When dealing with chemical experiments or environmental studies, scientists often need to convert distances from one unit to another. In our example, the electric car's mileage on a single charge is given in kilometers, but the total distance for the trip is in miles. To solve for the number of charges, we convert kilometers to miles using the fact that 1 km is approximately equal to 0.621371 miles.

This step is crucial in chemistry for understanding the scale of reactions or the range of molecules' diffusion. For instance, in nanotechnology, one might need to convert nanometers to meters to appreciate the tiny scales at which these technologies operate. Similarly, environmental chemists might convert between miles and kilometers when measuring the spread of pollutants.
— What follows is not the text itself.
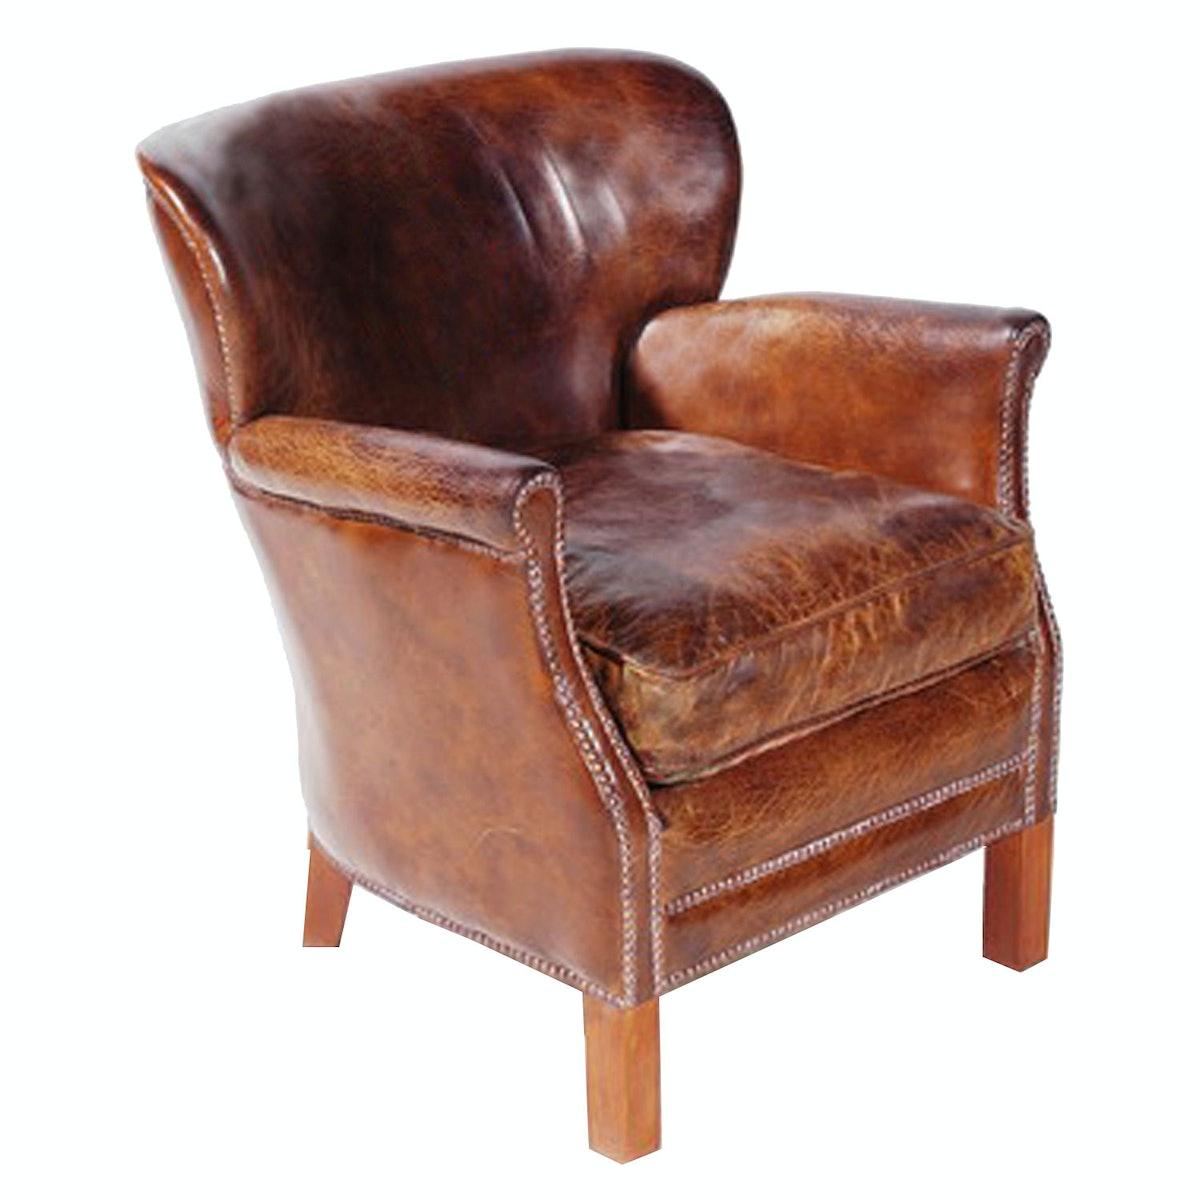 Timothy Oulton armchair, $1,295, Timothy Oulton at ABC Carpet & Home, New York, 646.602.3273.

Using proper distance conversion ensures precise communication between international teams and accurate scientific analysis. It's important when documenting findings that can have global implications-for example, when calculating the distance pollutants travel in the atmosphere or the coverage area of an oil spill.

Speed Conversion in Chemistry

Speed conversion is particularly useful in kinetics, the study of the rates of chemical reactions. In the case of the migrating loon, the speed is converted from meters per second to miles per hour to match the units familiar to a particular audience or required by specific regulations or reports.
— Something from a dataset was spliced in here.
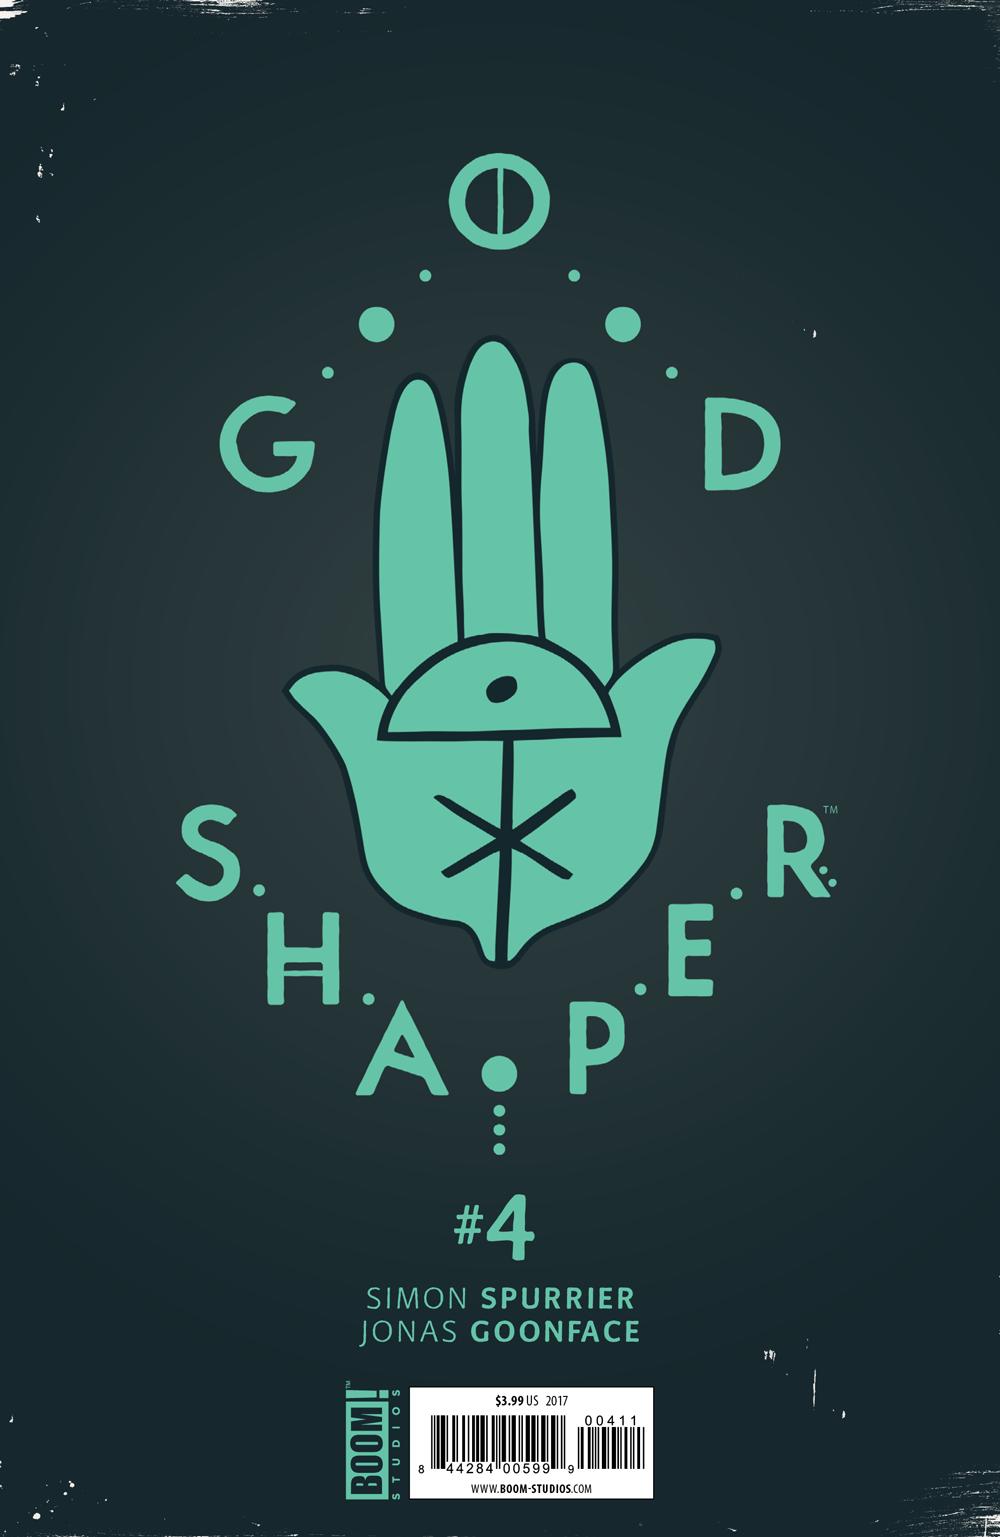 Godshaper_004_2.png

In a lab setting, chemists might measure reaction rates in one unit but need to report them in another, requiring a conversion similar to the one performed for the bird's average speed. For example, the diffusion speed of a gas might be observed in centimeters per second but reported in meters per hour in research papers. Knowing how to convert between these units is vital to accurately communicate findings and compare rates across different experiments and studies.

The ability to perform speed conversions allows chemists to relate their work to real-world contexts, such as environmental monitoring where wind speeds could be crucial in modeling the dispersion of pollutants.

Volume Conversion in Chemistry

Volume conversion is a fundamental skill in chemistry, as it allows for the quantification of substances in various states. Here, we see two examples: converting engine displacement from cubic inches to liters and gallons to liters for the volume of petroleum spilled.

Conversion factors like 1 in³ being equivalent to 0.0163871 liters and 1 gallon equaling 3.78541 liters are essential tools in a chemist's arsenal. Whether it's measuring reactants for a reaction, determining the yield of a product, or assessing the environmental impact of a spill, appropriate volume conversion ensures accuracy.

For chemists working in different industries or countries, the proficiency in converting volume units is indispensable. It's not just about getting the numbers right; it's also about adhering to legal standards and ensuring that data can be universally understood and applied to global challenges. In pharmaceuticals, for example, dosages are precise volumes often requiring conversion between metric and imperial units.

Problem-Solving in Chemistry

Problem-solving in chemistry entails a methodical approach to converting units, calculating concentrations, balancing reactions, and more. A chemist must appreciate the importance of dimensional analysis, which underlies all the conversions we've explored.

When incorporating problem-solving techniques, focus on clearly identifying what is given and what needs to be found and then setting up conversion factors to bridge the gap. This process requires a solid understanding of the relationships between different units. For example, knowing that volume can affect reaction rates or product yields in stoichiometric calculations.

Critical thinking and the application of chemistry principles to solve problems are at the heart of the scientific method. This includes everything from the synthesis of new compounds to the management of chemical spills, all of which rely on accurate data and calculations. Remember that in chemistry, as in these examples, context is key - understanding the purpose behind the calculations can often guide you to the correct method and solution.